Jerry: See all the beautiful stars.  We don't have to have a car to visit lovers" lane.
Marge: I don't mind all the oil running down my bobby socks. I'm just glad you picked me instead of that hussy Jacqueline who makes out with all the boys.
Jerry: Her name didn't fit on the tank and I couldn't spell it.  

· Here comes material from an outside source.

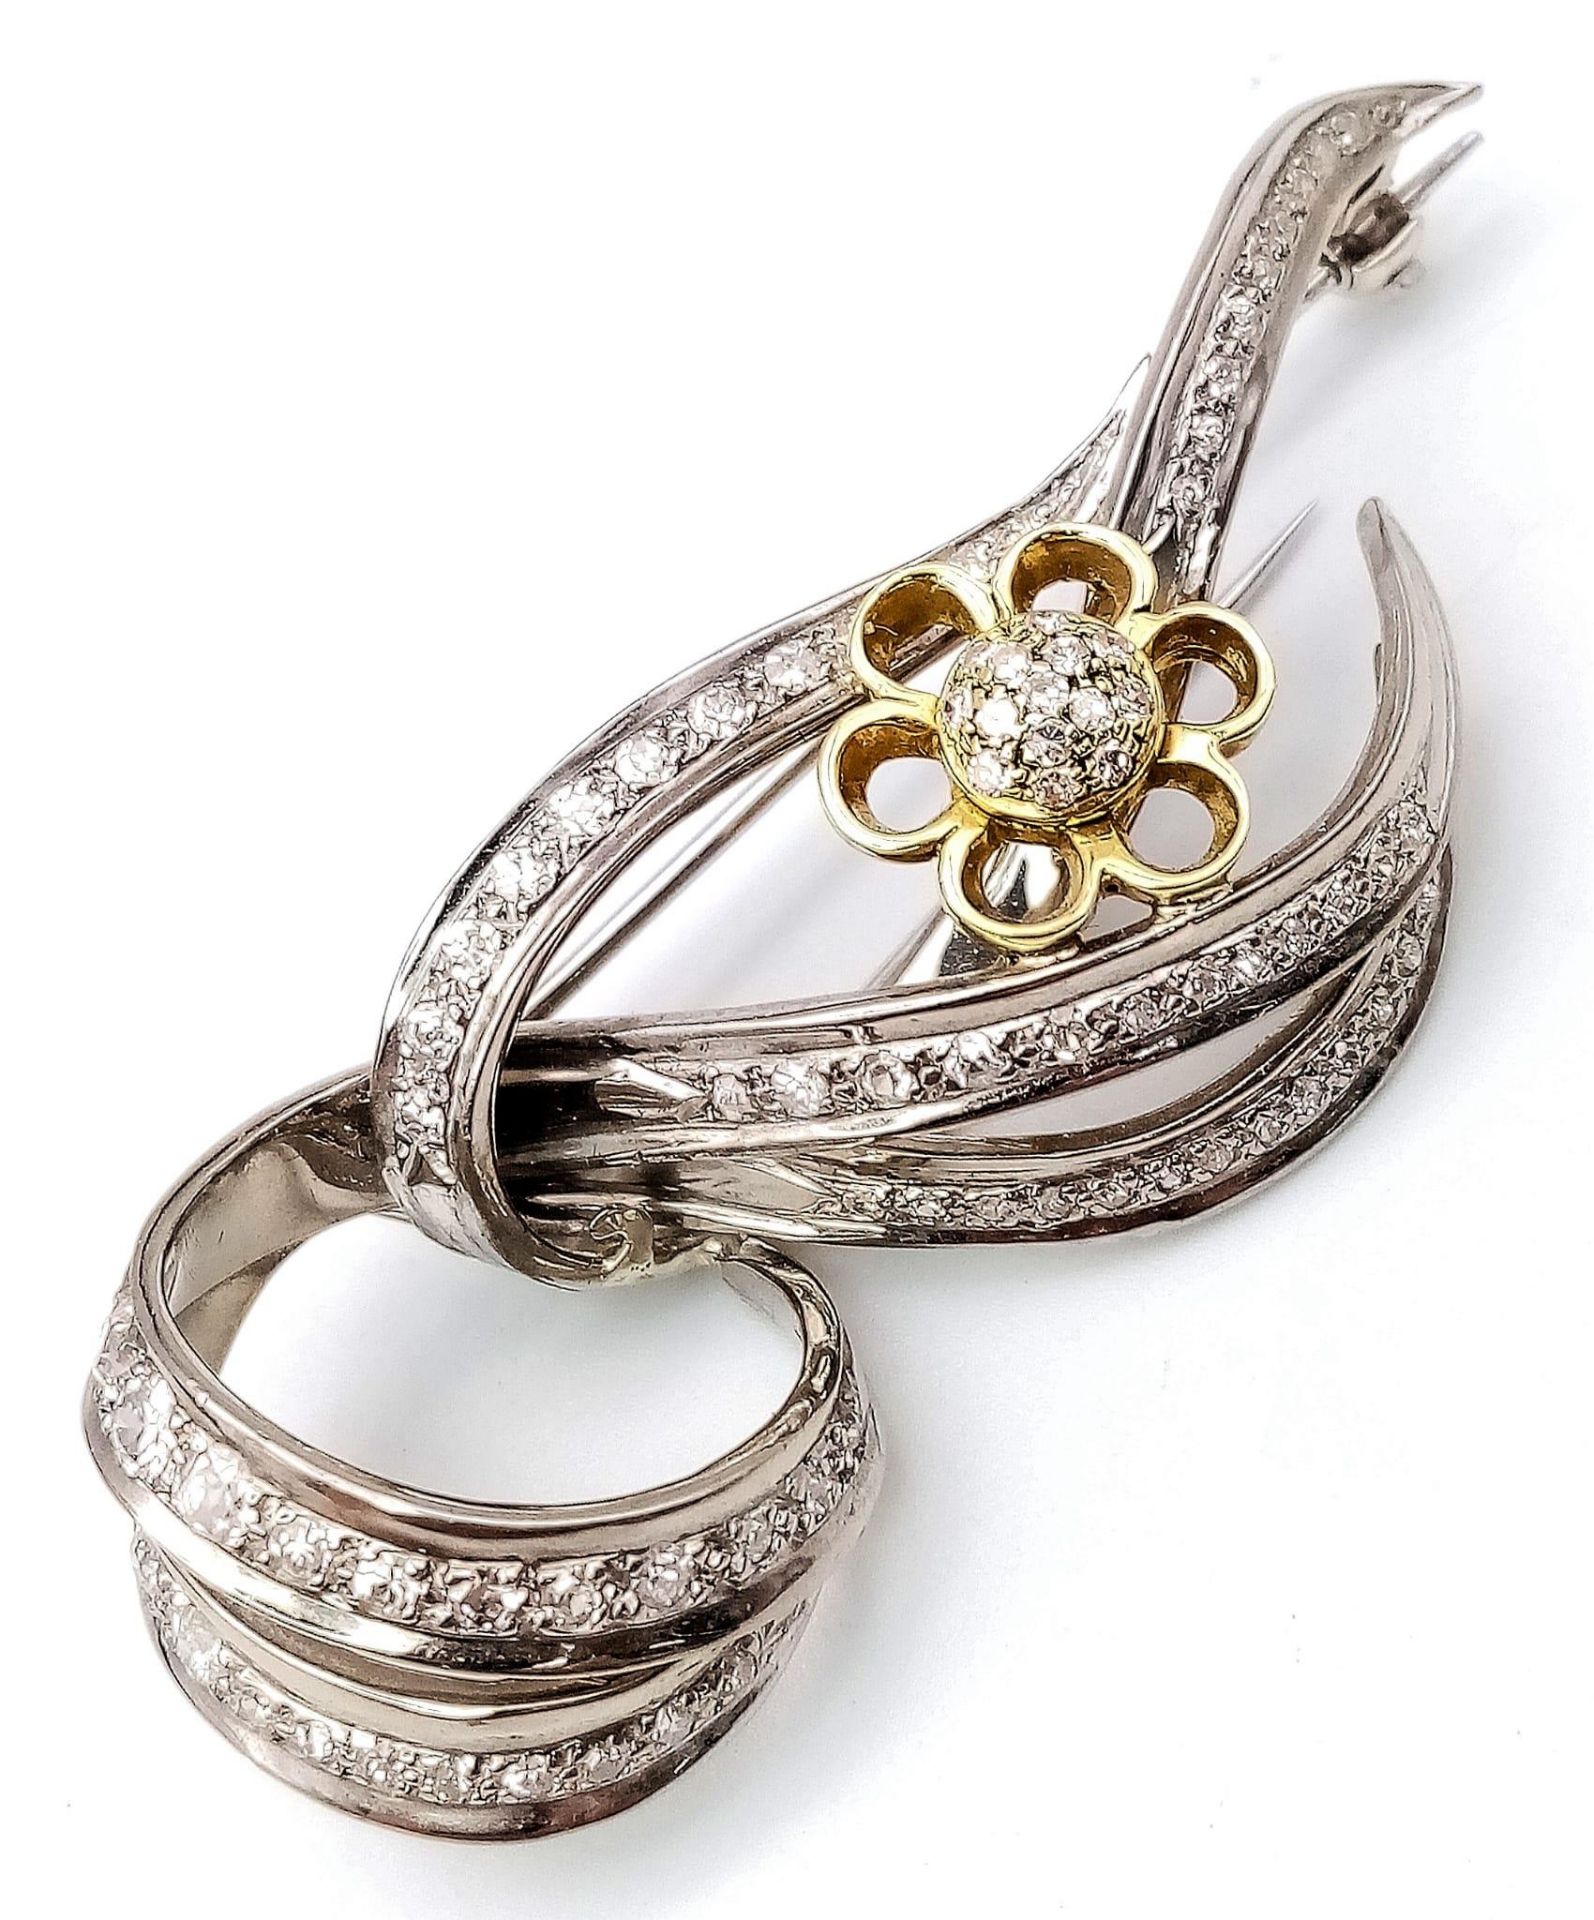 Diamond encrusted 18kt White & Yellow Gold Brooch. Beautifully woven White Gold design, adorned with

  Marge: You are such a good pinstripes. Did you draw the chicken while you were riding the bike? 
Jerry: That's a Thunderbird.
Marge: Is it falling on its beak?
Jerry: The pointy part is its head and the wings are pointing up.
Marge: Let's ride this bird forever.
Jerry:  It's starting to rain on my artwork.  Is that Jacqueline six cars to the right?


----------



## bricycle (Jan 8, 2018)

Cute story. I could almost smell Marges perfume as they passed by.....

Jerry was one of the characters in "Texas Chainsaw Massacre".


----------



## Goldenrod (Jan 8, 2018)

That explains all the blood on the back rack.


----------



## bricycle (Jan 8, 2018)

"Jerry: That's a Thunderbird."  ...gotta give him an A for effort.


----------



## Goldenrod (Jan 8, 2018)

Goldenrod said:


> That explains all the blood on the back rack.



Update:  Jacqueline was his next victim. He tried to spray paint a fake suside note in black paint and ivory pinstriping..


----------